When Kemp declined to run for the Republican nomination in 1996, Forbes jumped into the race himself. The negative advertisements he unleashed against Bob Dole in the Iowa primary that year still reverberate on the hustings. Forbes won the Delaware and Arizona primaries but found himself without influence at the Republican convention.

His effectiveness in 1999 seems to have been limited to alarming George W. Bush into forgoing federal matching funds to be able to match Forbes dollar-for-dollar during the primary season if Forbes ''goes negative'' again. An advertising blitz is apparently in the works for New Hampshire and Iowa next week.

(Forbes himself routinely has declined federal matching funds - which would impose spending ceilings and disclosure requirements - to reserve his option to spend his personal fortune without limit.)

The trouble with such influence is it persists only as long as does Forbes's willingness to spend his own money.

What then about the hope of a good appointment if he folds his hand? Forbes served for a time as chairman of Radio Free Europe under Ronald Reagan. Perhaps he hopes that George W. Bush will appoint him secretary of the Treasury if he joins the team and helps in the general election.

Not much chance of that, in the view of most observers of the Bush campaign.

Most likely Forbes is running because he really believes that his ideas eventually will strike a responsive chord. Though he has surrounded himself with well-regarded - and highly paid - Republican political specialists of all sorts, Forbes still seems to depend for his ideas mainly on a handful of policy intellectuals who came to prominence in the mid-1970s.

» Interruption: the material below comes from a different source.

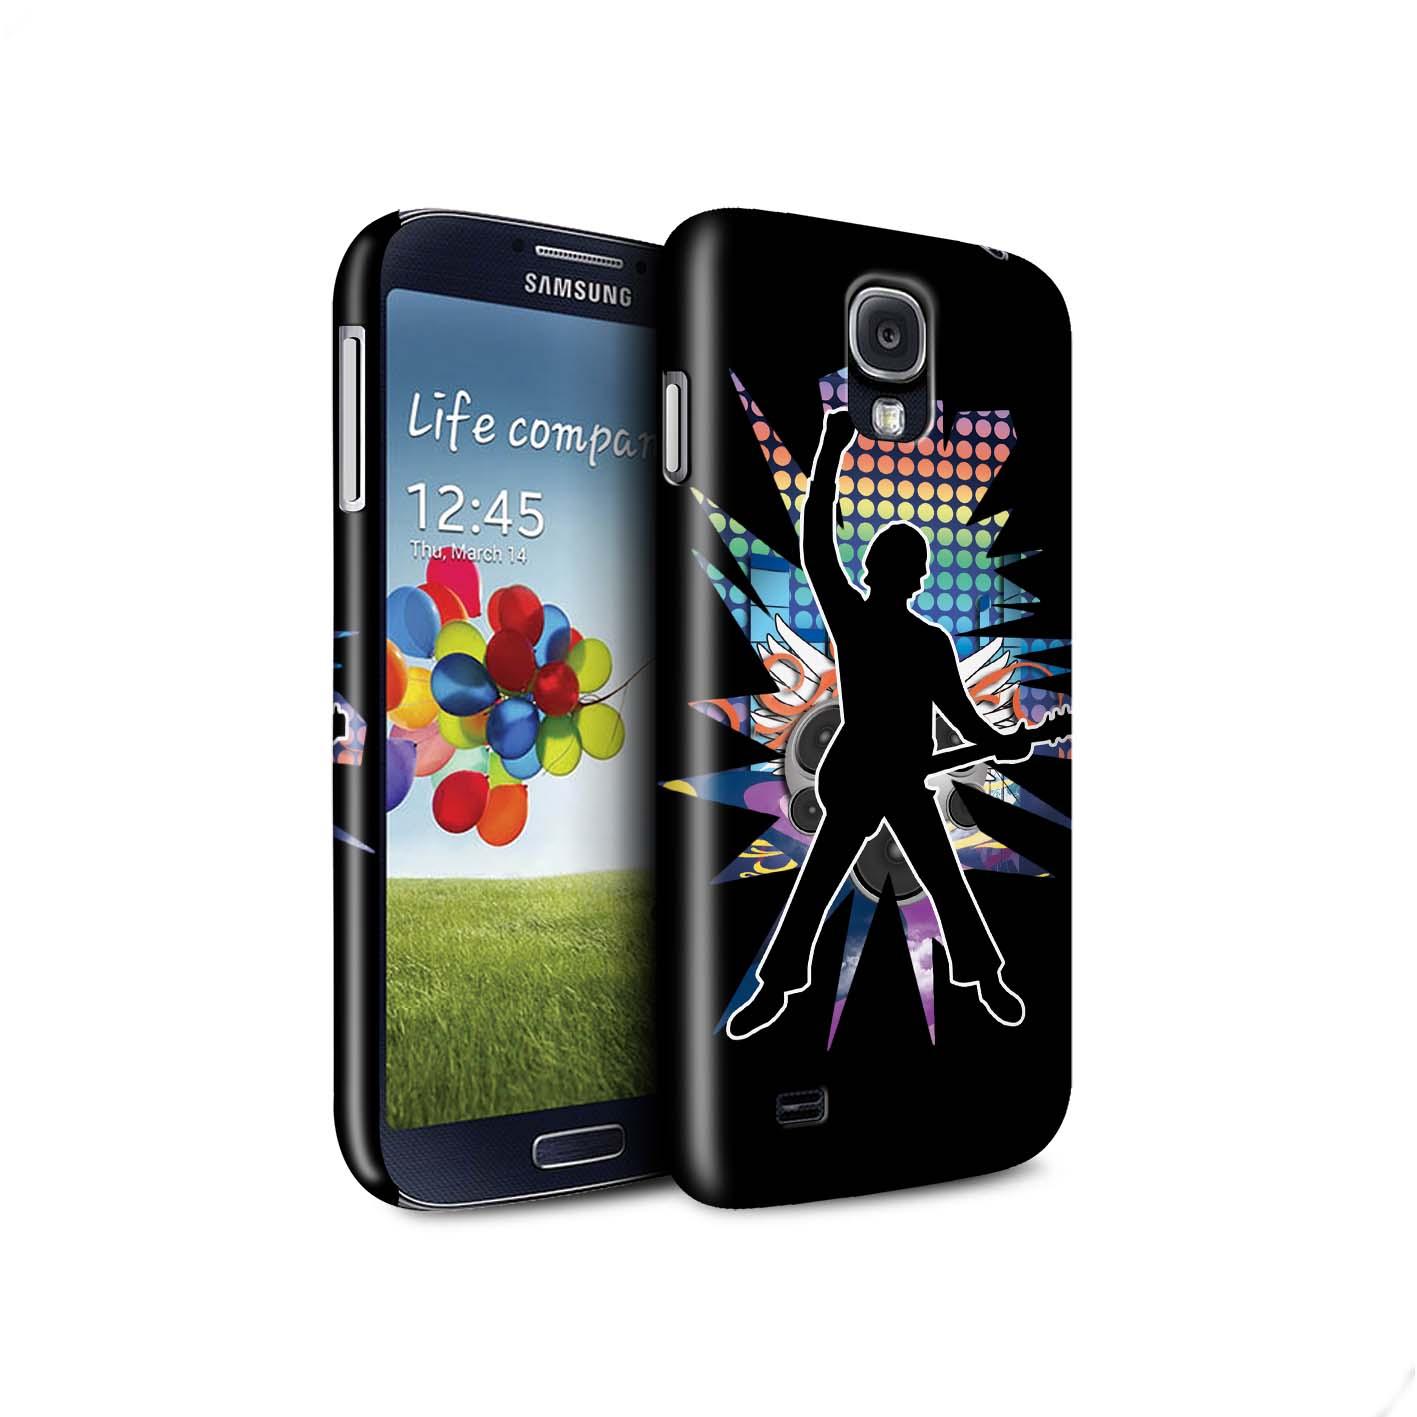 STUFF4-Matte-Phone-Case-for-Samsung-Galaxy-S4-SIV-Rock-Star-Pose

Jude Wanniski and Arthur Laffer apparently are chief among them. Robert Bartley, editor of the editorial page of The Wall Street Journal, is a sympathetic fellow traveler. The star of each climbed highest and shone brightest in the year or two after Ronald Reagan was elected in 1980.

Thus Forbes continually laments the passing of ''the Reagan Revolution.'' Standing next to a piece of the Berlin Wall in front of the Ronald Reagan Presidential Library and Museum last week, Forbes solemnly intoned, ''Now is the time to tear down this tax code.'' He pushed school vouchers and medical savings accounts.

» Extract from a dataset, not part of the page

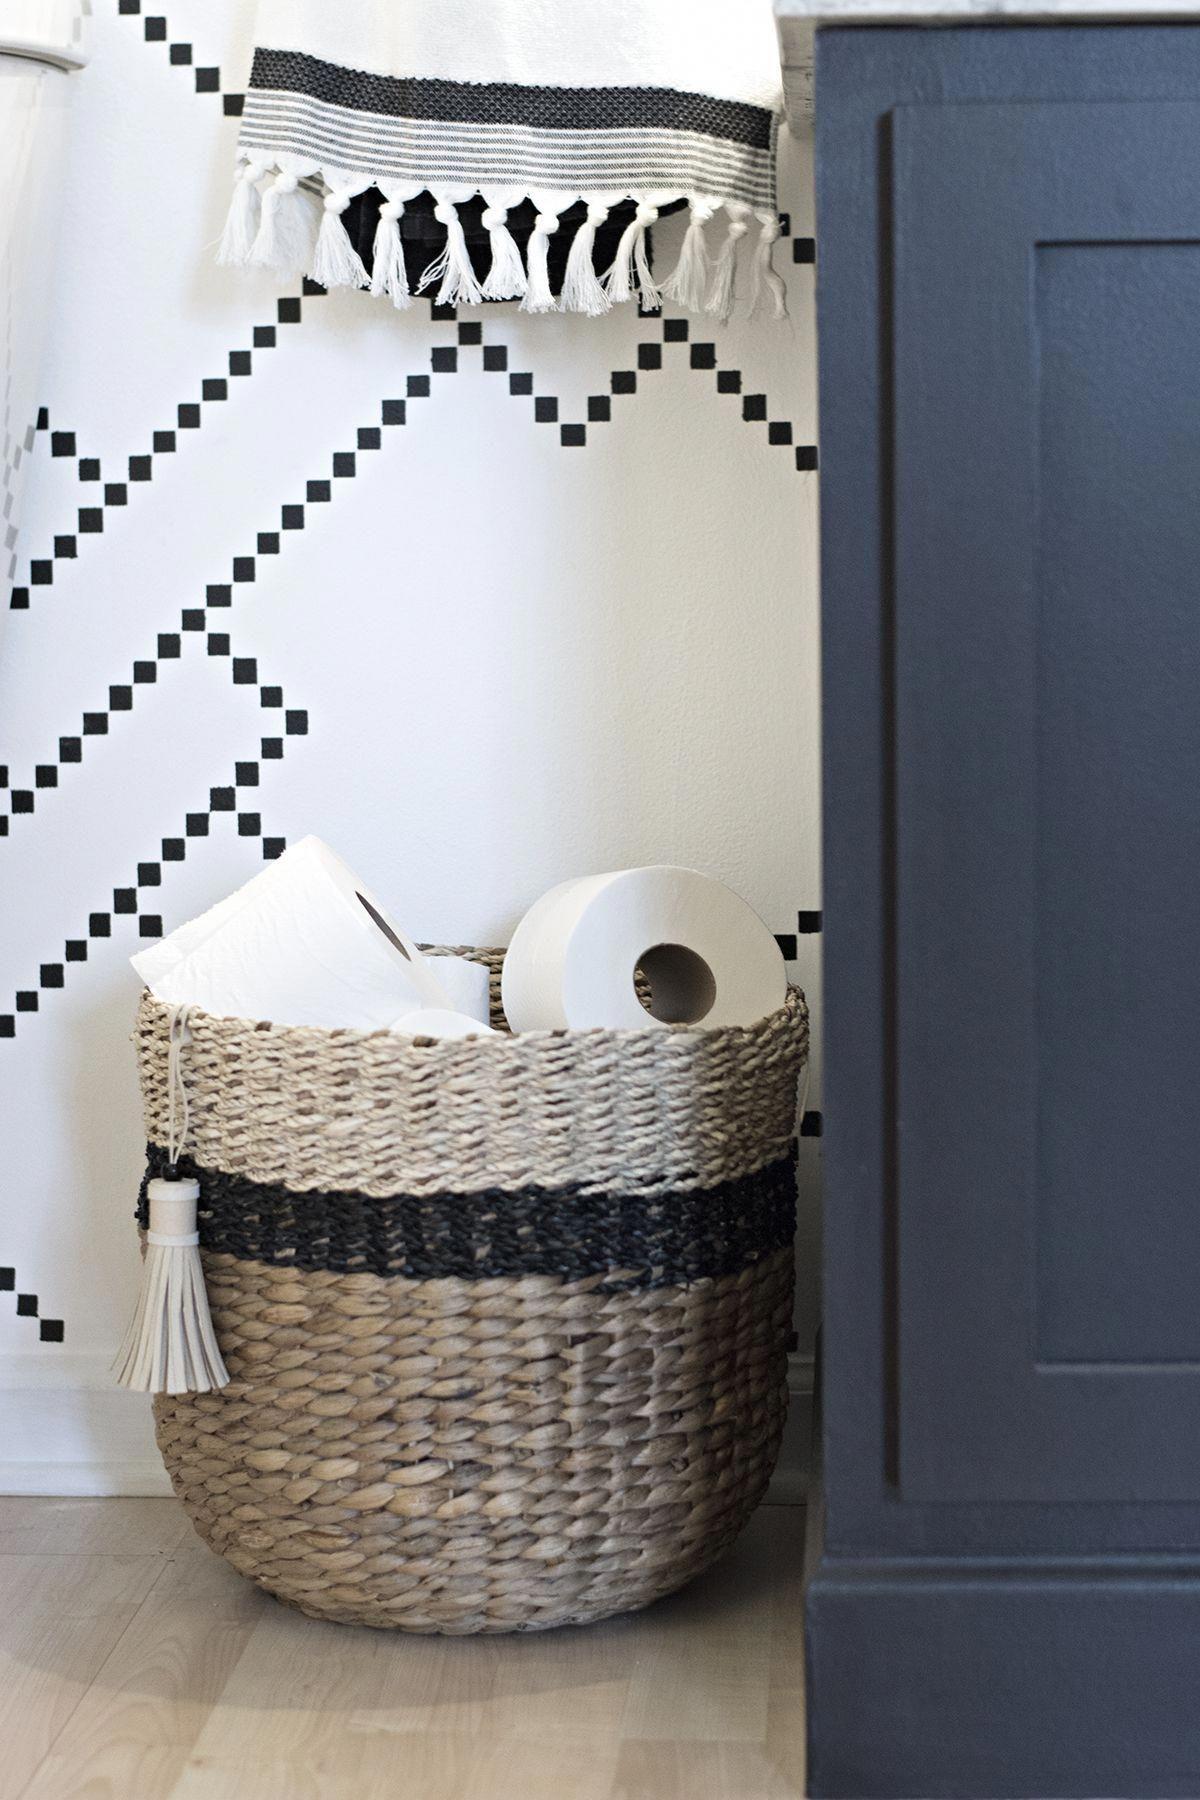 How To Arrange Your Bathroom Papieraufbewahrung Bad Korbe

''With Ronald Reagan's banner of freedom drifting toward the floor of the political stage, someone had to pick it up and carry it forward - and carrying it is what I'm doing in this campaign.''

When Forbes first turned up on the campaign trail in 1995, Elizabeth Kolbert wrote in a profile in a recent issue of The New Yorker, ''the press made a sport of of trying to describe his extraordinary inadequency as a candidate.'' Writing in Time, Calvin Trillin had compared his appearances to a comedy club sketch of a ''dork robot,'' Kolbert noted.

Forbes has improved his performance on the stump. But reporters once again have begun competing among themselves to convey their sense of the hopelessness of Forbes's quest. The first primary is just over a couple of months away.

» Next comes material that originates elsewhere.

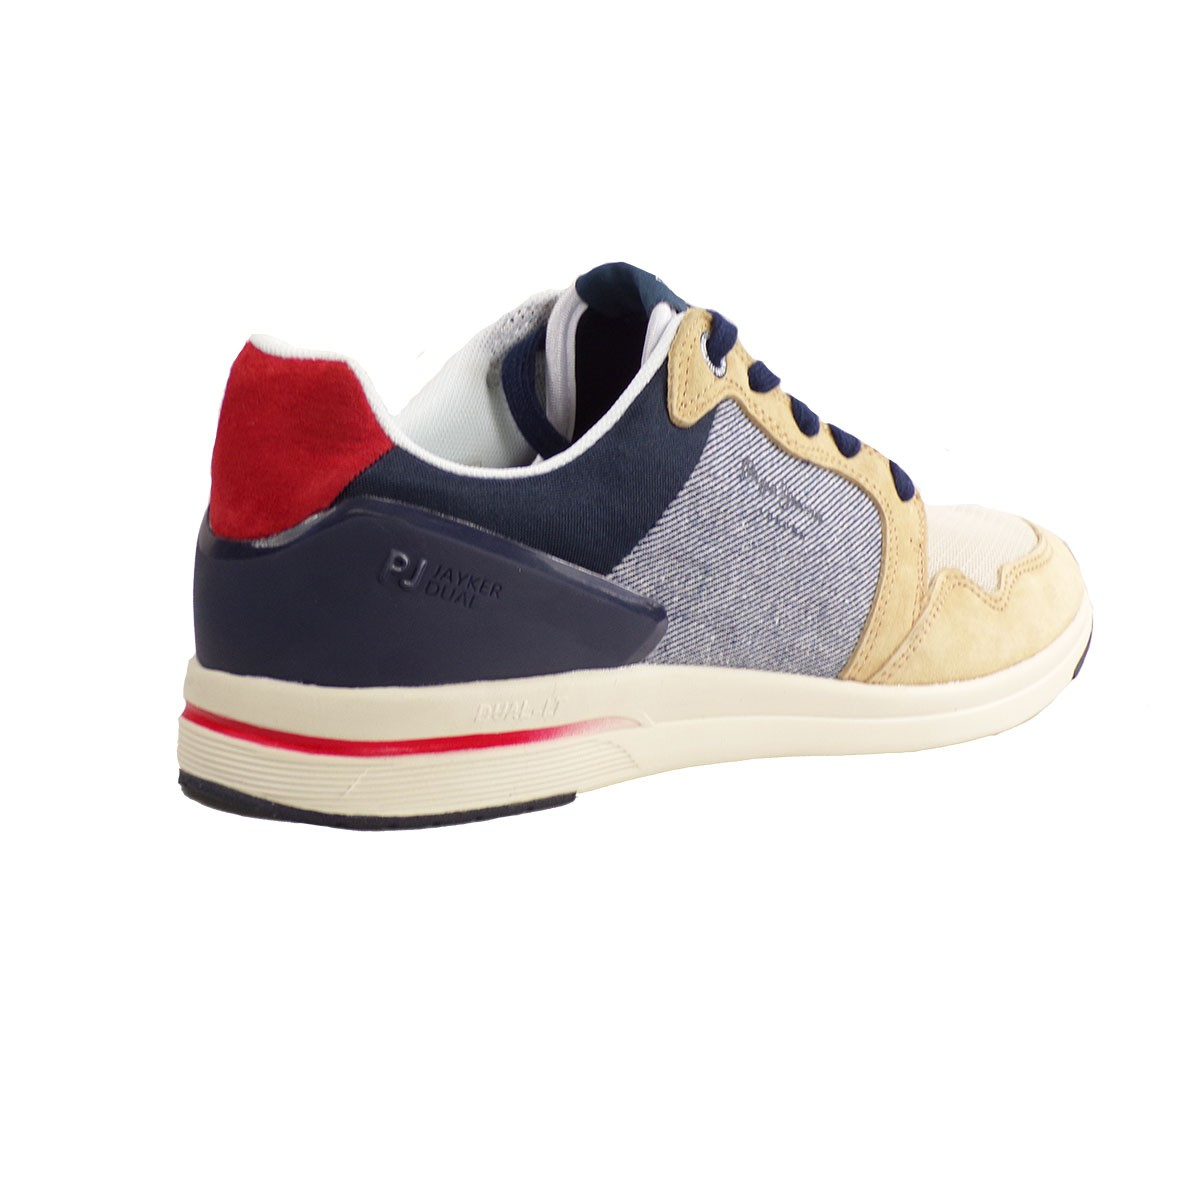 3578292bae3 Pepe Jeans JAYKER Sneakers Ανδρικά Παπούτσια PMS30514-847 Ταμπά ...

But one further possibility is worth keeping in mind. With the market value of Forbes the magazine estimated to be around $1 billion, the net worth of Forbes the candidate might be as much as $440 million, the Times concluded. But even if it were substantially less, his claim on the company's stream of earnings could be considered to be growing at the rate of, say, 10 percent before taxes annually, even toward the end of a long boom.

That appreciation would be more than enough to cover his political spending to date without dipping into capital, even though the magazine temporarily has stopped paying the candidate an annual salary of about $3 million.

Might Forbes magazine be planning on some sort of financial restructuring? Rumors of plans to offer shares in its Internet site,

Forbes.com, have swirled around New York for more than a year. The magazine has bet heavily on its Internet coverage in the last few years.

Could the family be planning to tiptoe away from the magazine altogether? Perhaps. It's an unusual family whose interest survives intact beyond the second generation - especially amid such spectacular financial success. There are three other brothers who have taken over day-to-day management of the firm, and many great-grandchildren of founder B. C. Forbes in the next generation. There are estate taxes to consider. Just possibly the Forbes story is mainly a business story after all.